The place is nowhere near in the condition it must have once been in. There’s still peeling paint, and water stains on the roof, but it’s far more livable than the rest of the sprawling estate. The dining hall has two mismatched chandeliers that were probably salvaged from other areas of the mansion. Three long tables and benches suggest that a lot of people are served their meals here.

At the far end of the room is a huge fireplace, and above it a full-length portrait, larger than life. At first Lev takes it to be a painting of one of the Cavenaughs as a boy, until he looks more closely.

“Wait—is that . . . me?”

Cavenaugh smiles. “A good likeness, isn’t it?”
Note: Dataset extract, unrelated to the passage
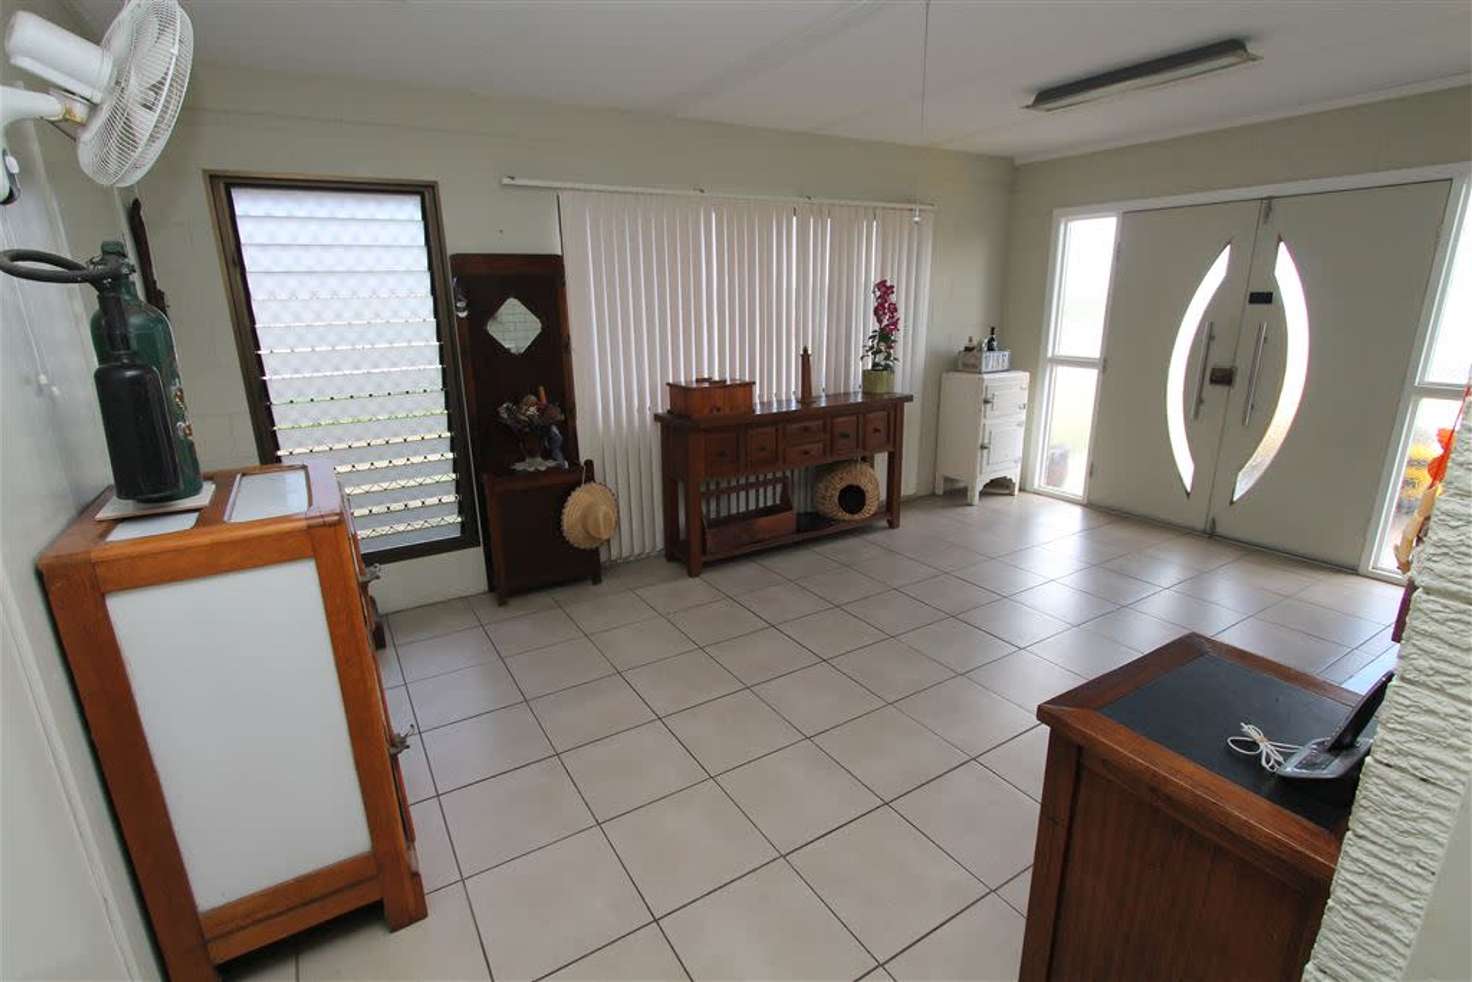 Main view of Homely house listing, 53 - 55 Old Clare Road, Ayr QLD 4807

As he crosses toward it, Lev can see how good a likeness it really is. Or at least a fine rendering of how he looked a year ago. In the portrait, he’s wearing a yellow shirt that seems to glow like gold. In fact, the portrait is painted so that his skin gives off a sort of divine radiance. The expression on his painted face speaks of wisdom and peace—the kind of peace Lev has yet to find in life—and at the base of the portrait are tithing whites metaphorically trampled beneath his feet.

His first reaction is to laugh. “What’s this all about?”

“It’s about the cause you fought for, Lev. I’m pleased to say we’ve picked up where you left off.”

On the mantel just below the portrait are everything from flowers to handwritten notes, to bits of jewelry and other trinkets.

“These things spontaneously began to appear after we put up the portrait,” Cavenaugh explains. “We didn’t expect it, but maybe we should have.”

Lev still struggles to process this. Again, all he can do is giggle. “You’re joking, right?”

Then off to his right, at a doorway to an adjacent hallway, a woman calls out to them. “Mr. Cavenaugh, the natives are getting restless. Can I let them in?”

Lev can see kids craning to see around the rather heavyset woman.

“Give us a moment, please,” Cavenaugh tells her, then smiles at Lev. “As you can imagine, they’re very excited to meet you.”

“Who?”

“The tithes, of course. We held a contest, and seven were chosen to personally greet you.”

Cavenaugh talks like these are all things Lev should already know. It’s all too much for him to wrap his mind around. “Tithes?”